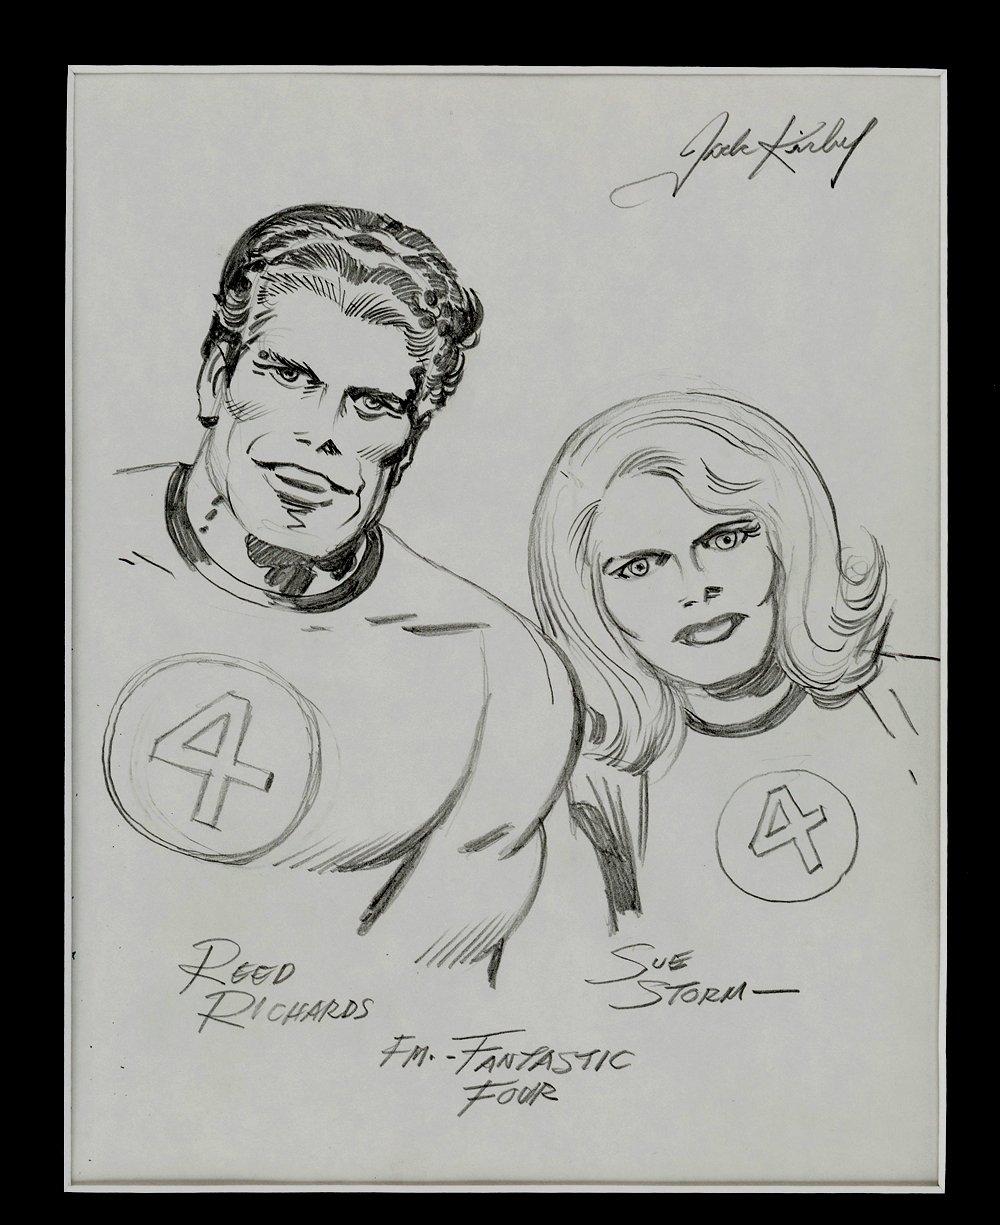 Mr Fantastic & Invisible Girl Pinup Published In Famed 'Heroes & Villains' Sketchbook (Early 1970's)
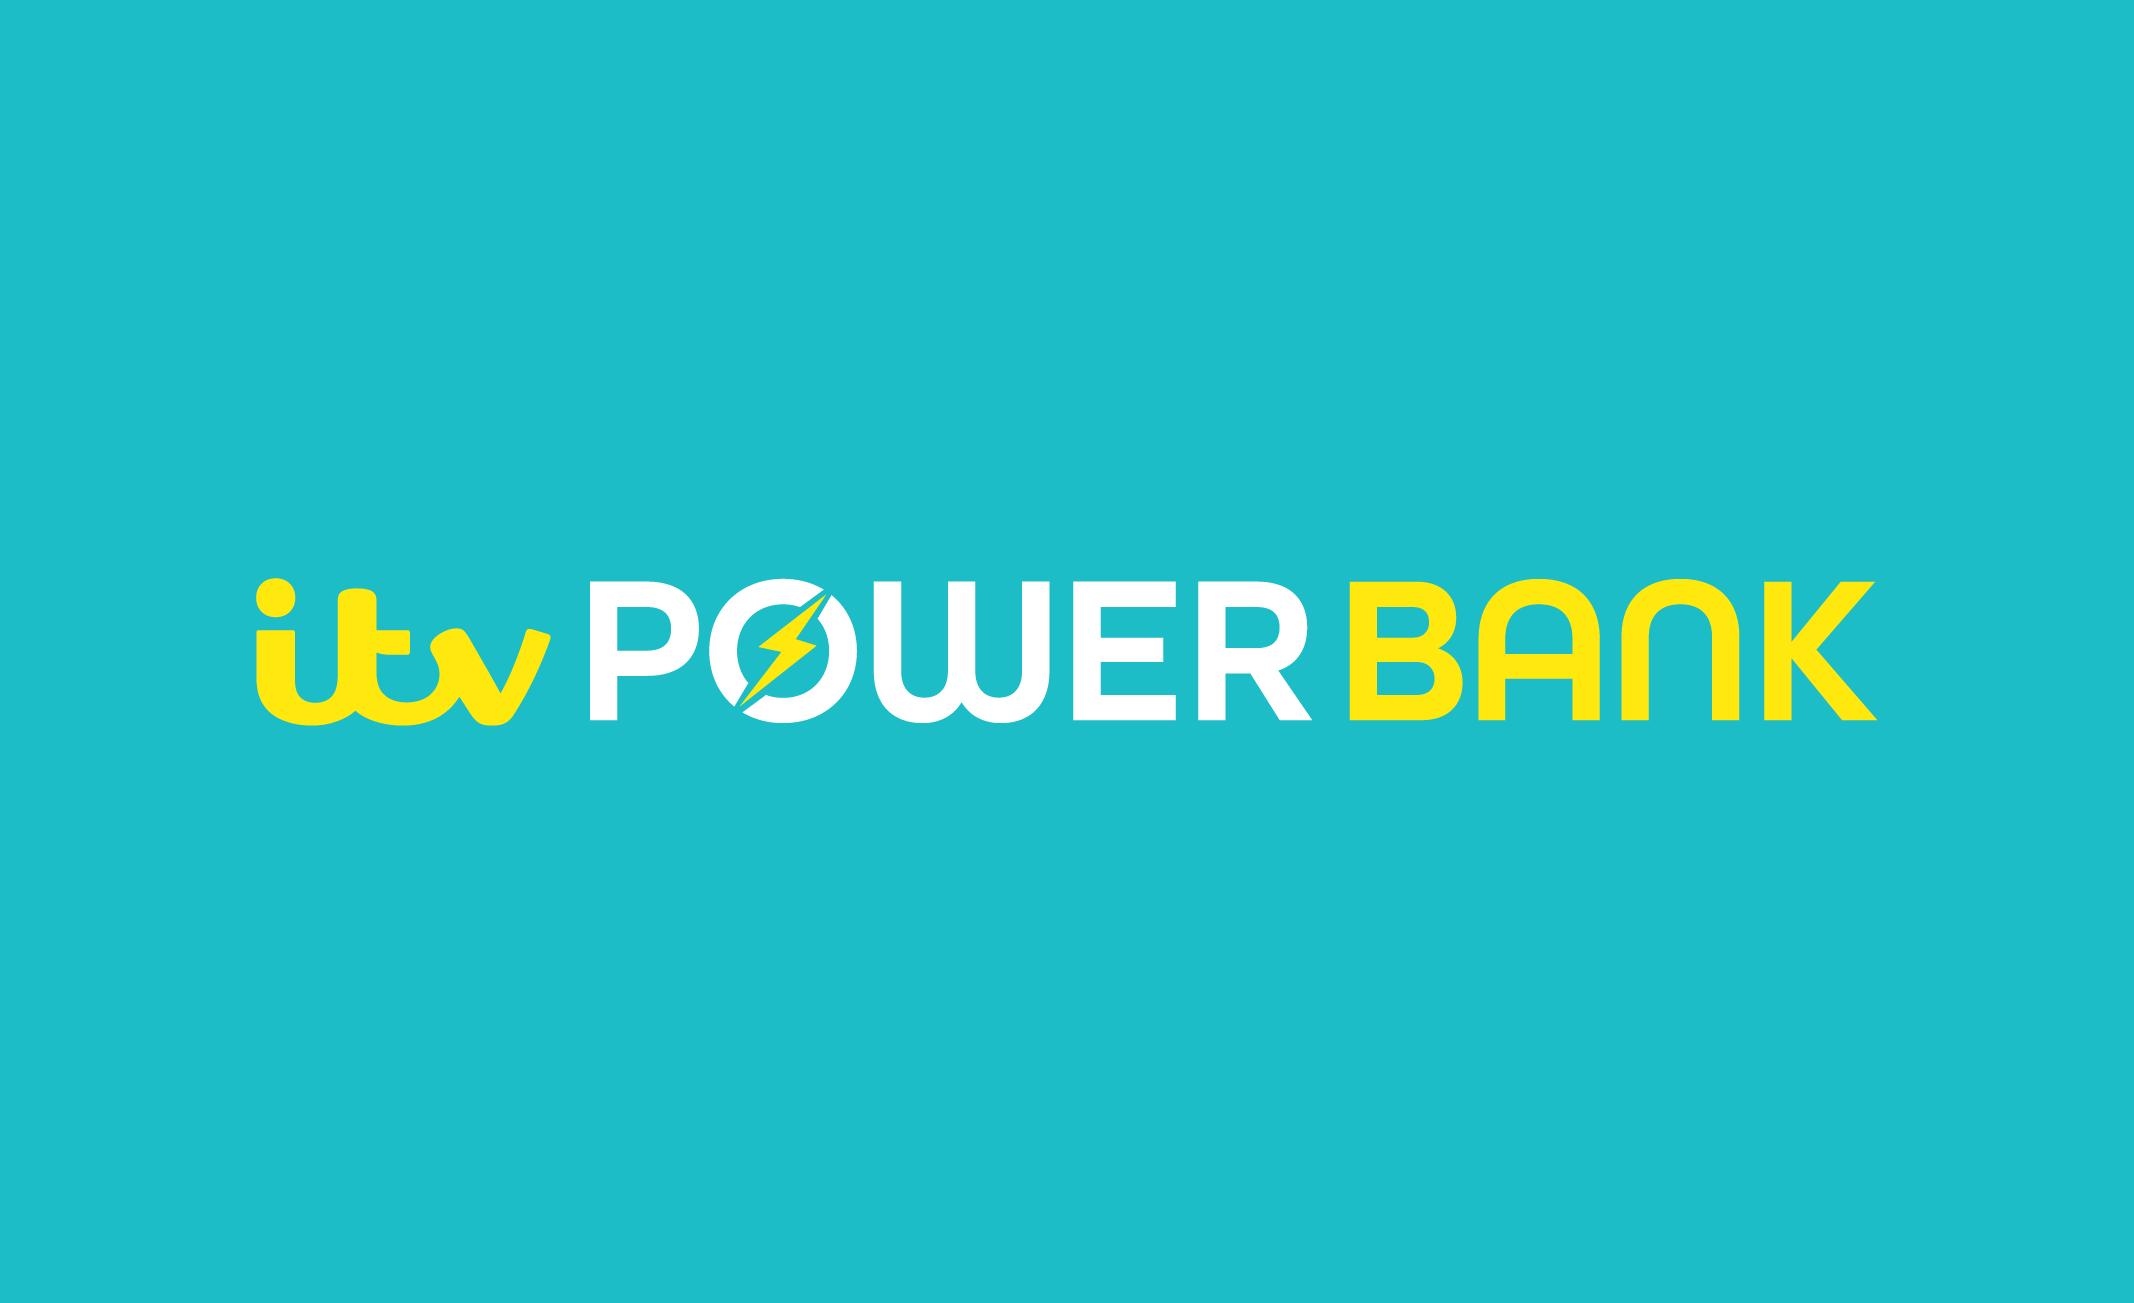 PowerBank-Website-BannerImage.png
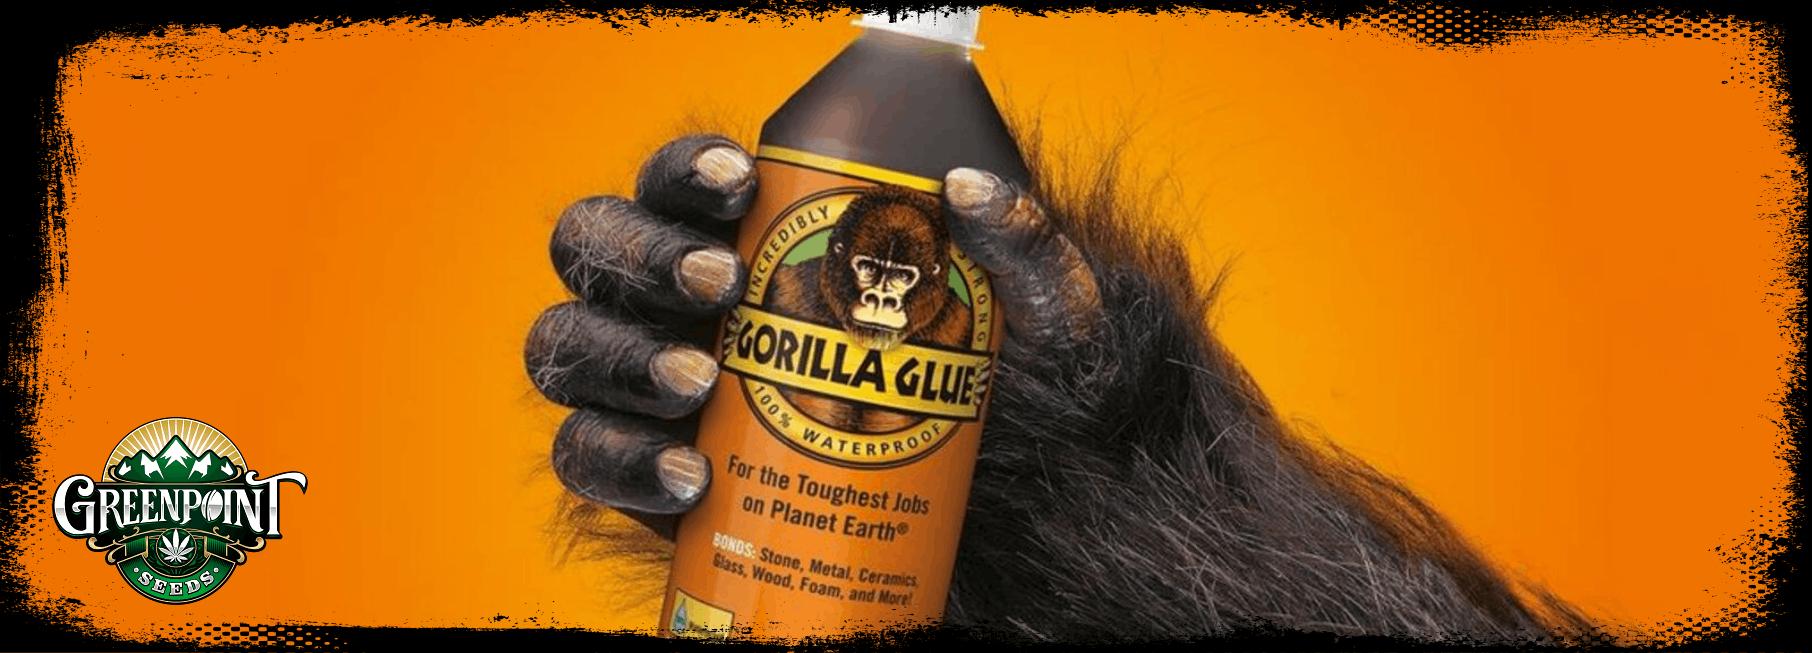 Gorilla Glue #4 - Greenpoint Seeds

##############################

Work order>
Go through the material above and print all of it exactly, except the pictures.

Answer>
 Mr Fantastic & Invisible Girl Pinup Published In Famed 'Heroes & Villains' Sketchbook (Early 1970's)
 PowerBank-Website-BannerImage.png
 Gorilla Glue #4 - Greenpoint Seeds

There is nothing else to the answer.